4. Furthermore, Nelson’s prior history of experiencing severe drowsiness, lethargy, and
confusion while on said medication further diminishes his capacity to undergo a fair hearing and
understand his circumstances. Even assuming successful alleviation of the worst of Nelson’s
psychosis, the likelihood of debilitating side effects remains strong. Individual circumstances, in
addition to broad legal principles, bolster Nelson’s right to refuse medication.

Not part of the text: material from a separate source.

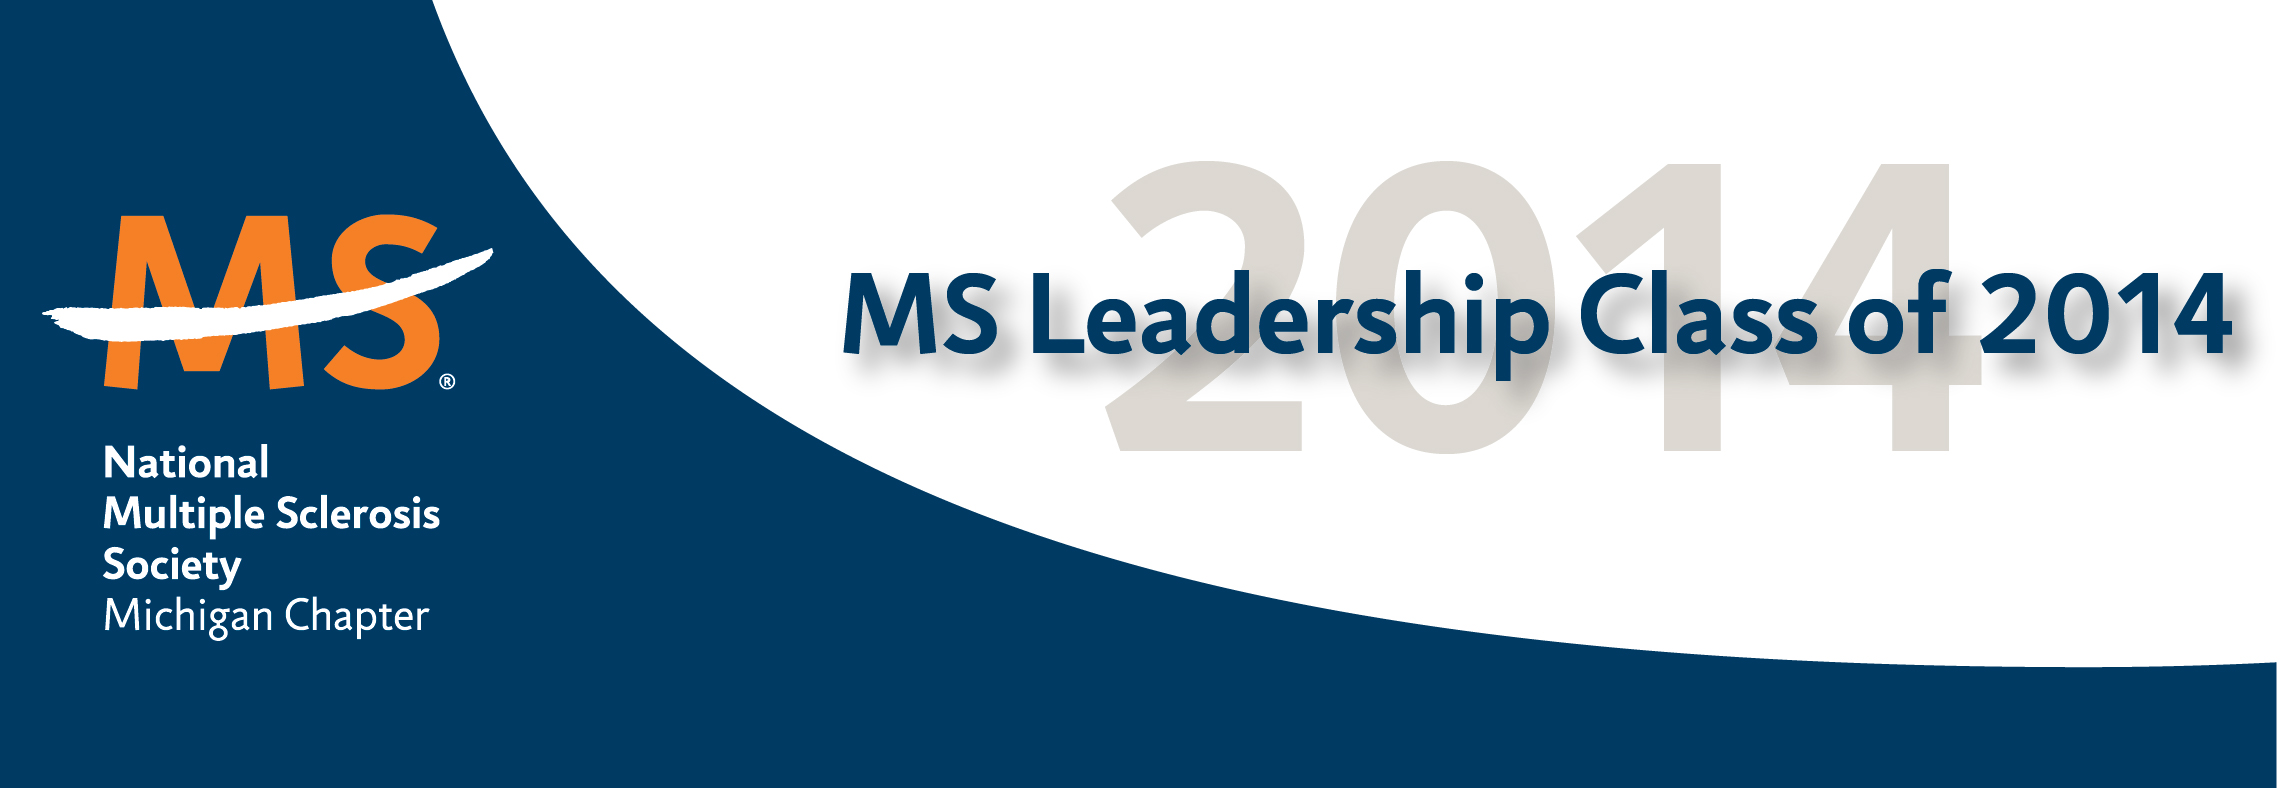 MIG_2014_Leadership

Washington v Harper Rebuttal
The prosecution has cited Harper in support of Mr. Nelson’s involuntary medication. It
argues that Harper permits medicating those who “represent a significant danger to themselves or
others,” and that, given the nature of Nelson’s struggle with Armstrong, Nelson falls into this
classification. However, this argument is not applicable as Nelson’s competency to stand trial, and
not “danger to…others,” is at issue. Furthermore, the prosecution fails to mention that their source
only supports this condition in the event that there is “little dispute in the psychiatric profession
that the proper use of the drugs is an effective means of treating and controlling a mental illness
likely to cause violent behavior.” Nelson’s situation fails to meet this condition, for reasons
expanded upon and outlined in Ghane, and Gomes, supra. Given a 20 percent chance of success
with the strong possibility of severe side effects, involuntary medication does not stand as an
“effective” solution in these circumstances.
CONCLUSION
Because the chance of rendering Nelson competent to stand trial through involuntary medication stands
at 20 percent, with the possibility of severe lethargy, drowsiness, and confusion as observed in Nelson’s prior
consumption of said medication, Nelson may legally refuse the prosecutor’s request forinvoluntary medication.
5. Such a course of action promises neither reasonably likely nor reasonably effective results, and a broad call to
medicate all who pose a danger to themselves and others does not negate concerns related to medical necessity.